What teams usually get wrong
The first mistake is treating MCP and skills like competing products. They are not. They solve adjacent layers of the same problem: one is about protocol, the other is about instruction and onboarding.
The second mistake is over-engineering transport before anyone has a clear user workflow. If the team cannot explain the day-to-day job the agent should do, protocol work usually arrives too early and slows down adoption.
The third mistake is making the agent memorize a manual setup process. A skill can package the path once and keep it consistent across Claude Code, Cursor, Codex, and other environments that need the same runtime.
Rule of thumb
If your team keeps saying, “we need a clean way to expose this capability,” start with MCP. If they keep saying, “we need a way for the agent to actually use this without a long setup doc,” start with skills. If both statements are true, the best answer is usually to design the capability once and present it through both layers.
Common scenarios
Choose MCP first
Pick MCP when the main problem is tool wiring. This is the better fit when you already have multiple clients or providers and want one clean contract for discovery, invocation, and interoperability.
Choose skills first
Pick skills when the biggest problem is onboarding. You want Claude Code, Cursor, Codex, or another agent to understand how to install and use the runtime without extra orchestration or a separate protocol spec.
Use both when possible
Use both when you need standardized transport and a strong instruction story. MCP keeps the interface predictable while skills make the setup and operator experience obvious to the person actually using the agent.
Where to go next
FAQ
Is MCP better than skills?
Not by default. MCP is better when you need standardized tool wiring. Skills are better when you need the agent to understand how to install, authenticate, and use the capability in day-to-day work. They solve different layers of the stack, so the right answer depends on the bottleneck you are trying to remove.

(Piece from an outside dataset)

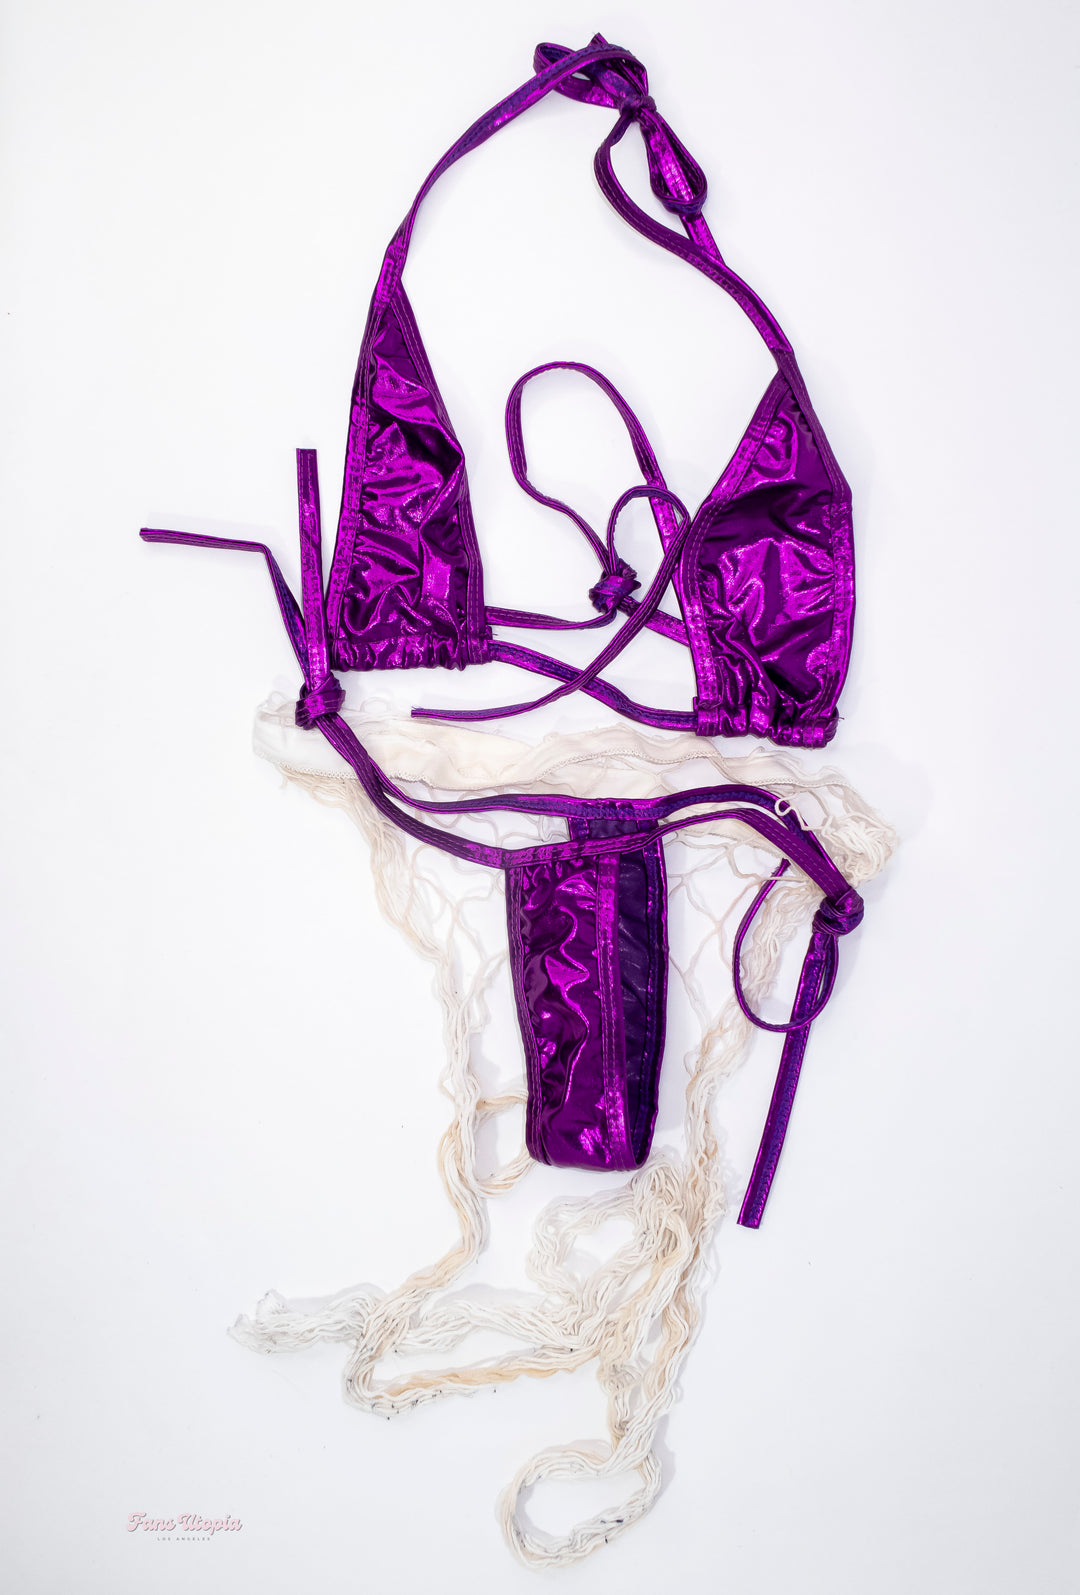 Payton Preslee Metallic Purple Bikini + Fishnets

Can AnyCap work with MCP and skills?
Yes. AnyCap can be described through skills for agent onboarding and can also sit behind protocol-based integrations when a workflow needs that layer. The right choice depends on whether you need distribution, transport, or both.
When should I choose skills first?
Choose skills first when you want a fast path for Claude Code, Cursor, Codex, or similar agents to discover and use AnyCap without additional orchestration work. If setup friction is the main problem, skills usually get you to value faster.
When should I choose MCP first?
Choose MCP first when your environment already standardizes on MCP and you mainly need a clean protocol for tool discovery and invocation. If interoperability is the goal, MCP is usually the better starting point.
Do I need both MCP and skills?
Not always. If you are shipping to one agent surface and the setup flow is already clear, one layer may be enough. Use both when you need protocol compatibility and human-friendly onboarding at the same time.
Which layer should I build first?
Build the layer that removes your biggest current bottleneck. If users cannot get started, start with skills. If your integration surface is the bigger problem, start with MCP. If adoption is spread across multiple agents, plan for both from the beginning.